The classical Protestantism of the sixteenth century had turned away from the mysticism of the late Middle Ages, preferring a more objective religious experience. Pietism as revived by Spener was a return to a more subjective piety. Protestants began to look within to find God. The question is whether in doing this they lost a basic insight of the Reformation (87).

Old notes the usefulness of pietism to Frederick, the elector of Brandenburg. "He saw in pietism, with its de-emphasis of doctrine" "a means of spiritually uniting the Lutherans and the Reformed in his widespread domains" (74). Revivalism, pietism’s daughter, also de-emphasizes doctrine and leads to a spurious sort of unity.

Sadly, Old shows false charity towards the false churches of Rome and Eastern Orthodoxy (see esp. ch. 4-7). He speaks of the "transporting joy" he experienced in an Easter service in a Russian Orthodox church in Paris in the late sixties, after taking "a two-week seminar in Orthodox theology and worship sponsored by the World Council of Churches" (428). He reckons that the Franciscans in California "made a heroic attempt to fulfil the apostolic commission to go into all the world and make disciples of all nations, baptizing them and teaching them all that Christ commanded" (366). As if baptismal regeneration, flagellation (355) and the Council of Trent (with its anathemas against the gospel) were part of Christ’s teaching! How this fits with Old’s Presbyterianism (351), which views these communions as "synagogues of Satan" (Westminster Confession 25:5), it would take a paradox theologian to explain. Old’s false ecumenism is evident at points in his previous four volumes in this series. Volume 1 even carries the dedication: "To His Beatitude Teoctist Patriarch of Romania. God’s faithfulness to your Church gives me hope for my own."

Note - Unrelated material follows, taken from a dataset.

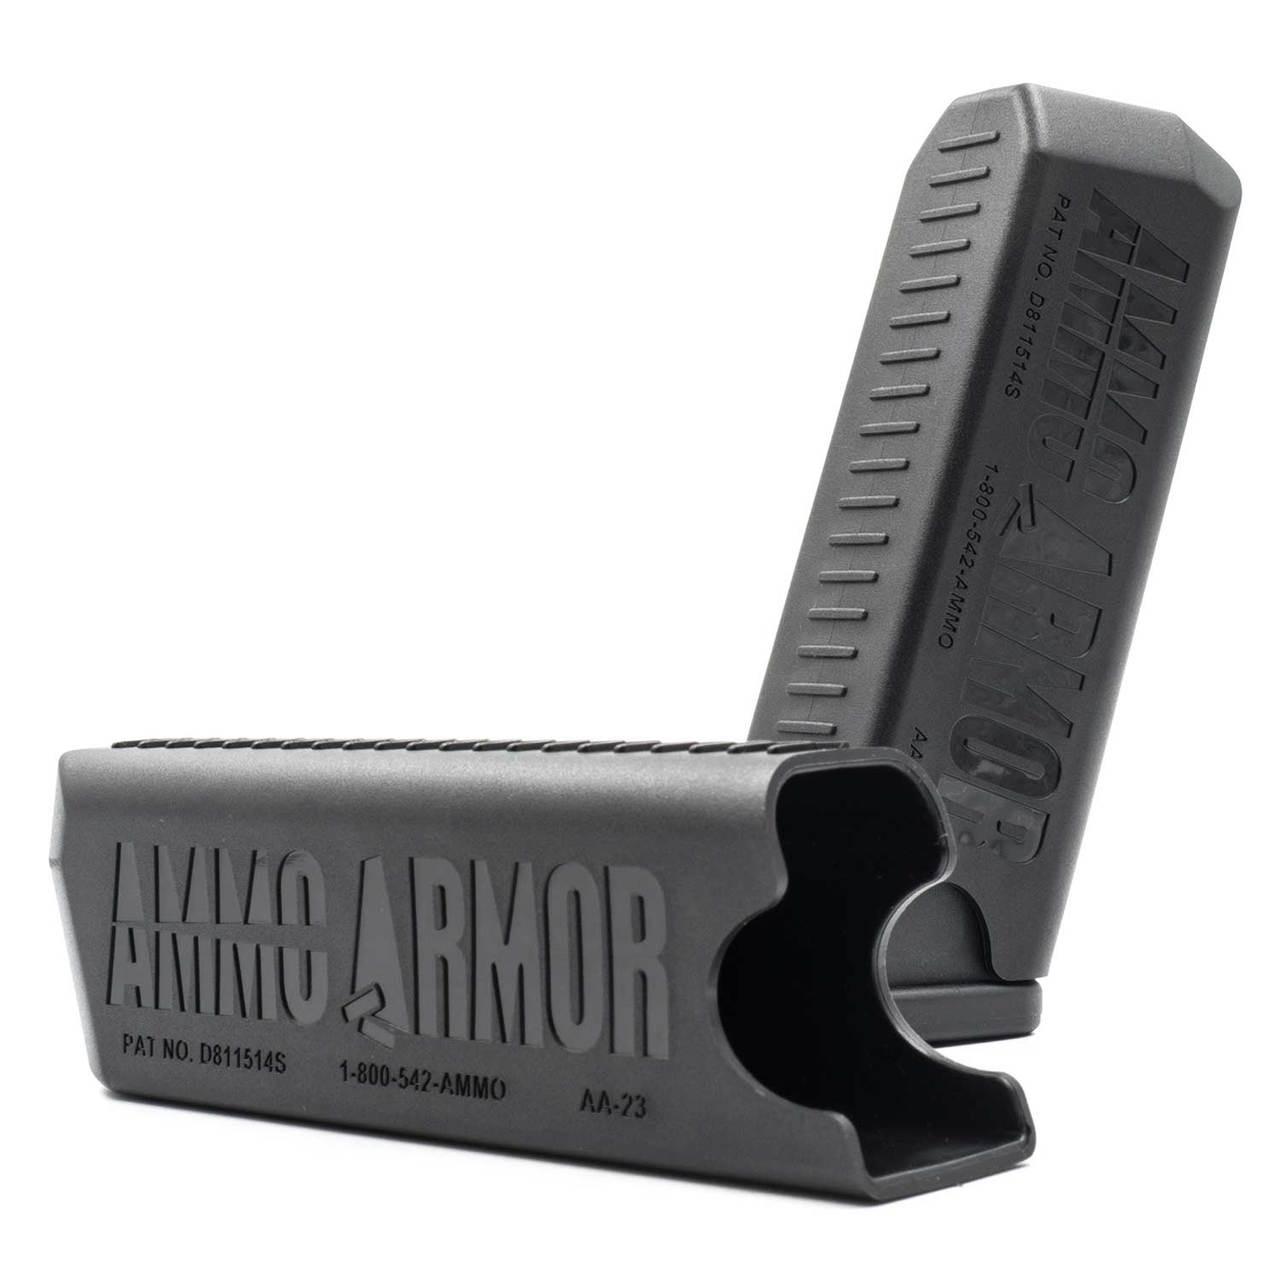 Glock G20 Ammo Armor

Old’s analysis of John Wesley is likewise inconsistent. At first, he rightly states, "During [the seventeenth] century Anglicanism had gone far in the direction of Arminianism, and Wesley persevered in this throughout his life" (113). Yet later he writes, "Wesley was not a Calvinist. [Massive understatement: he hated Calvinism with a passion.] He was not really an Arminian either ..." Old’s argument for this last statement is that Wesley’s pietism meant that "he seems little interested in such things as predestination and glorification which are outside man’s immediate experience" (133). Yet Wesley was so "little interested" in predestination that he fervently wrote and preached against it! Indeed, he violently opposed all the tenets of Calvinism and vigorously upheld all the tenets of Arminianism, and, as Old writes, "persevered in this throughout his life" (113).

Old rightly observes Wesley’s perfectionism (126-129) and illuminism ("the pietist tendency toward illuminism often comes through with considerable vigor;" 116). Yet Old also says, "Wesley made clear the Christian way of life" (111). How can Old, a Presbyterian, make this claim about a perfectionist Arminian in the light of Westminster Confession 12, "Of Sanctification"?

One can only expect that Old’s false charity towards Romanism, Eastern Orthodoxy, Arminianism and Pentecostalism (564) will be even more evident in the remaining two volumes of the series, which will cover the nineteenth and twentieth centuries (DV). With this very serious caveat—Old’s false ecumenism—discerning Reformed readers (and especially preachers) will find much fascinating and helpful material in this volume and the others in the series.